The four conditions ("LINE") that comprise the multiple linear regression model generalize the simple linear regression model conditions to take account of the fact that we now have multiple predictors:
- Linear Function: The mean of the response, \(\mbox{E}(Y_i)\), at each set of values of the predictors, \((x_{1i}, x_{2i},...)\), is a Linear function of the predictors.
- Independent: The errors, \( \epsilon_{i}\), are Independent.
- Normally Distributed: The errors, \( \epsilon_{i}\), at each set of values of the predictors, \((x_{1i}, x_{2i},...)\), are Normally distributed.

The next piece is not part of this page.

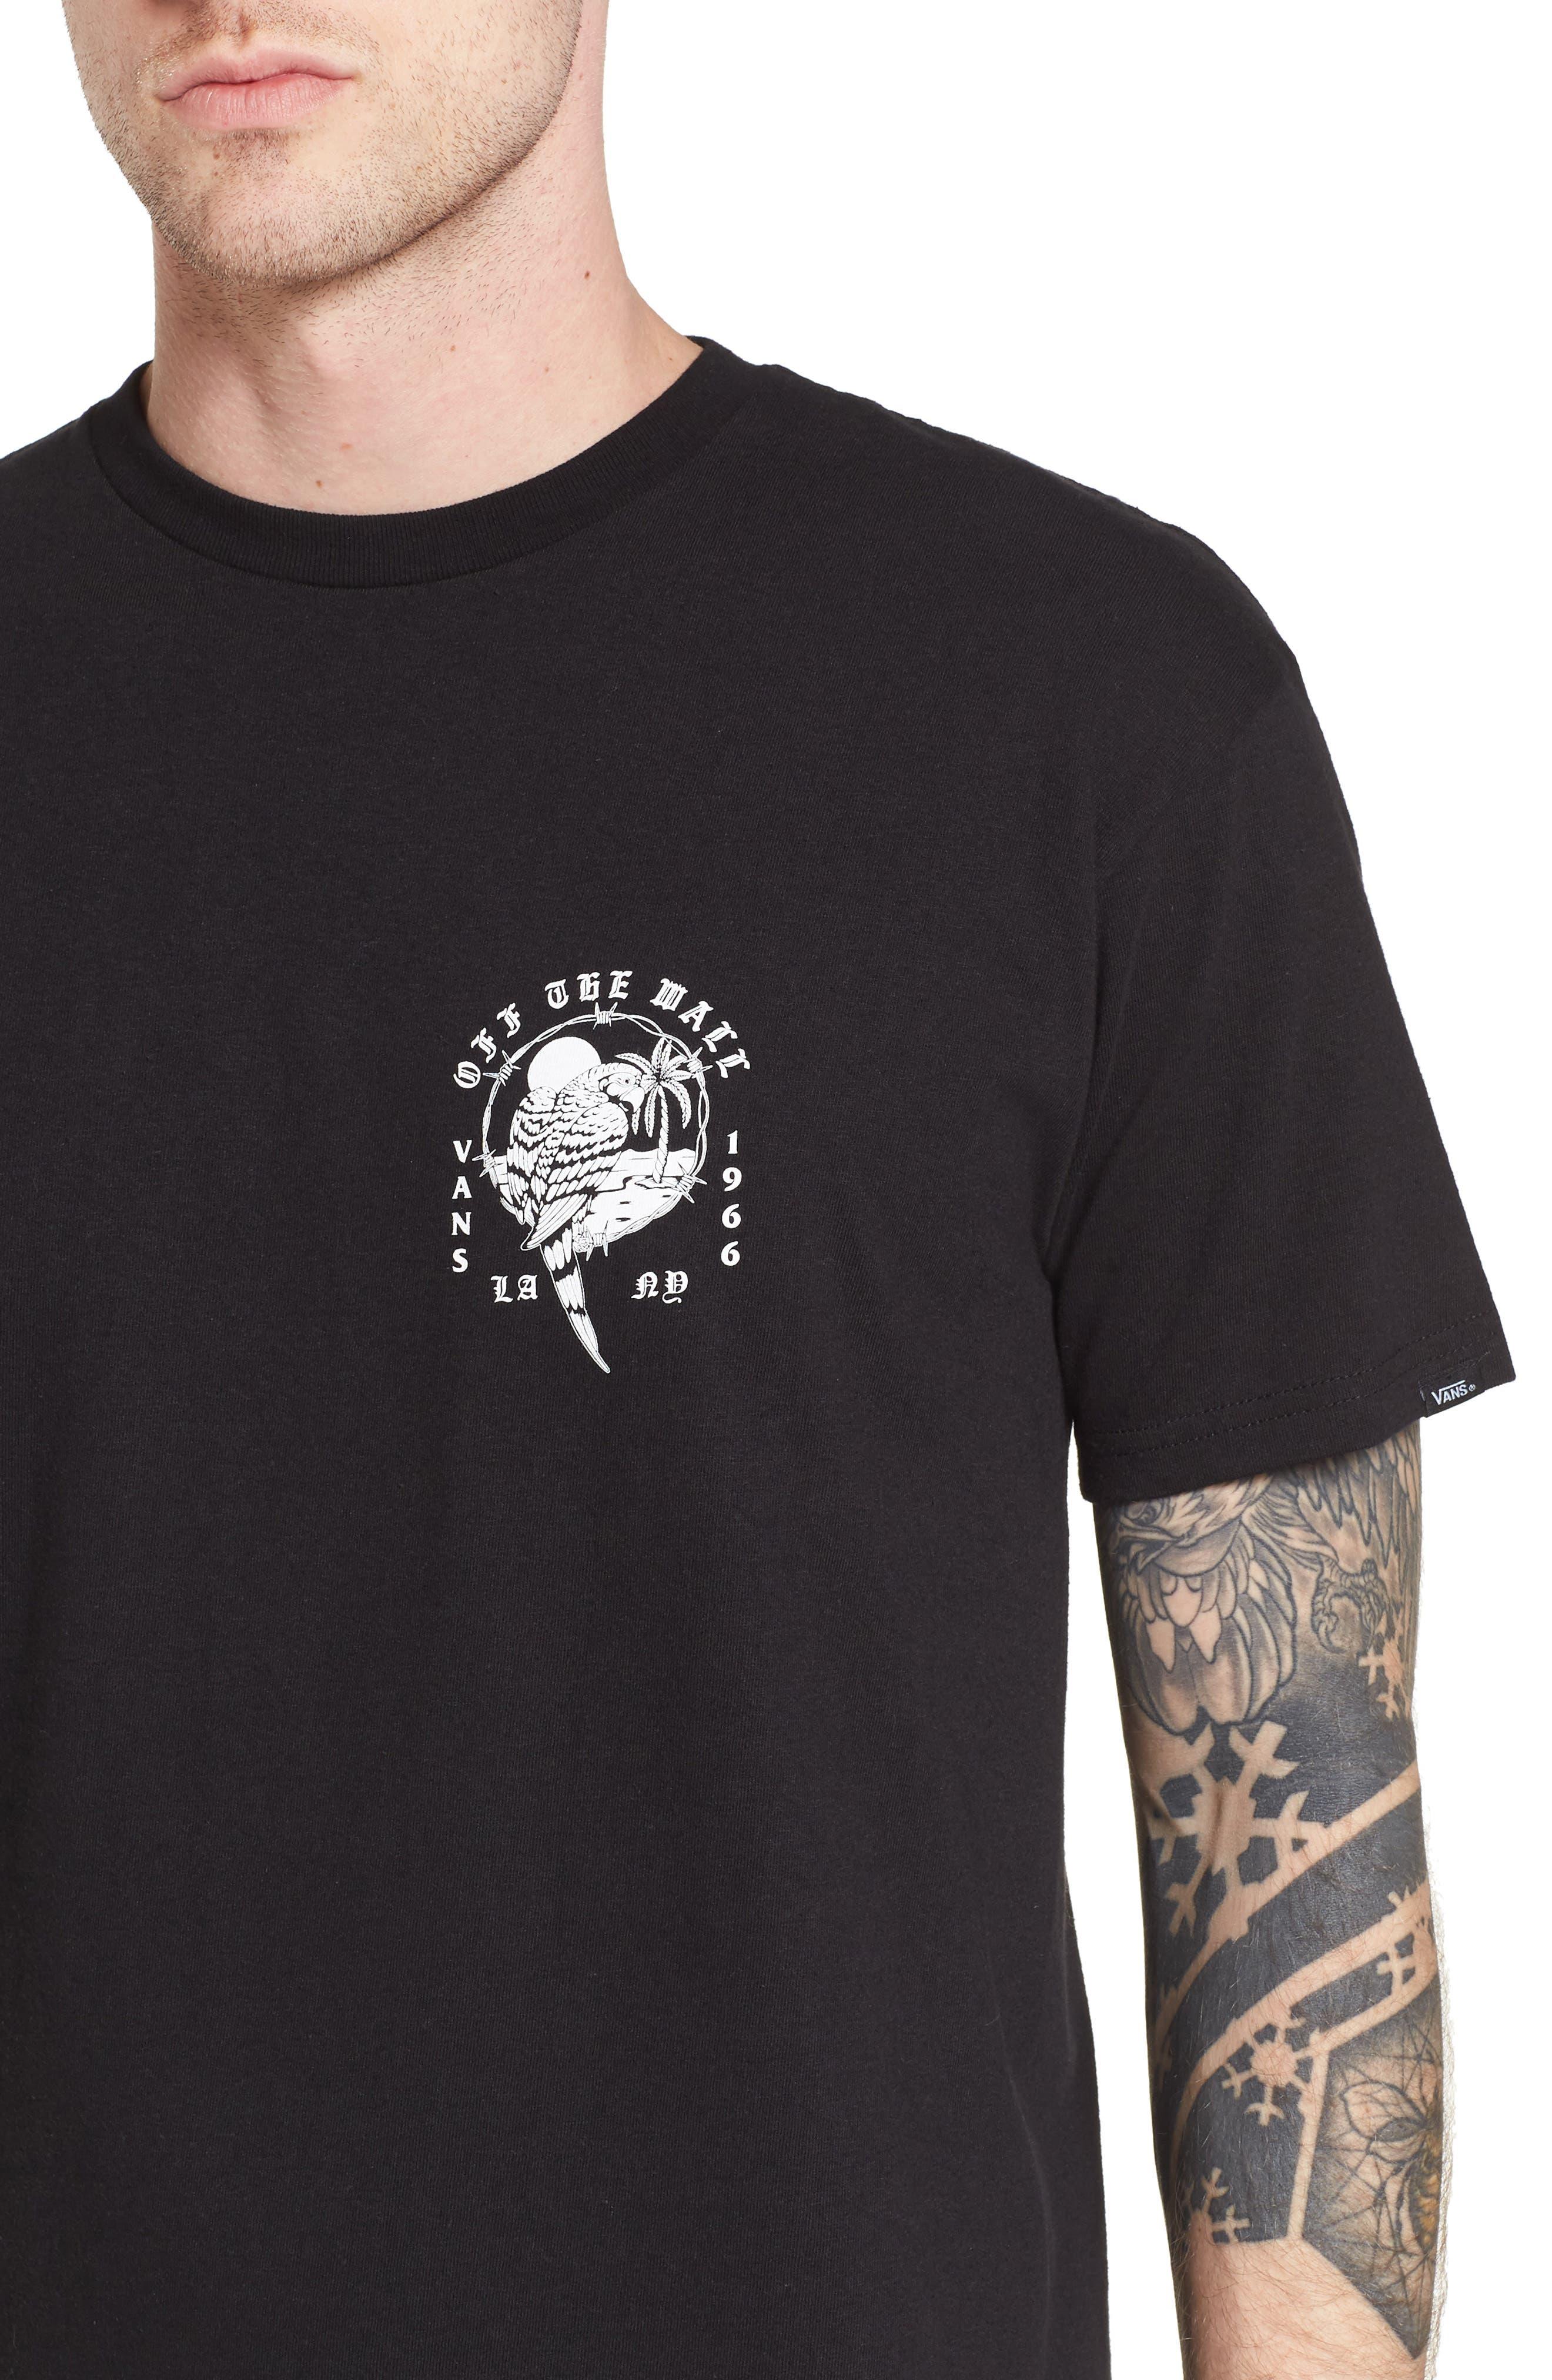 Parrot Beach Graphic T-Shirt,                             Alternate thumbnail 4, color,                             001

- Equal variances (denoted \(\alpha^{2}\)): The errors, \( \epsilon_{i}\), at each set of values of the predictors, \((x_{1i}, x_{2i},...)\), have Equal variances (denoted \(\alpha^{2}\)).
An equivalent way to think of the first (linearity) condition is that the mean of the error, \(\epsilon_i\), at each set of values of the predictors, \((x_{1i},x_{2i},\dots)\), is zero. An alternative way to describe all four assumptions is that the errors, \(\epsilon_i\), are independent normal random variables with mean zero and constant variance, \(\sigma^2\).
As in simple linear regression, we can assess whether these conditions seem to hold for a multiple linear regression model applied to a particular sample dataset by looking at the estimated errors, i.e., the residuals, \(e_i = y_i-\hat{y}_i\).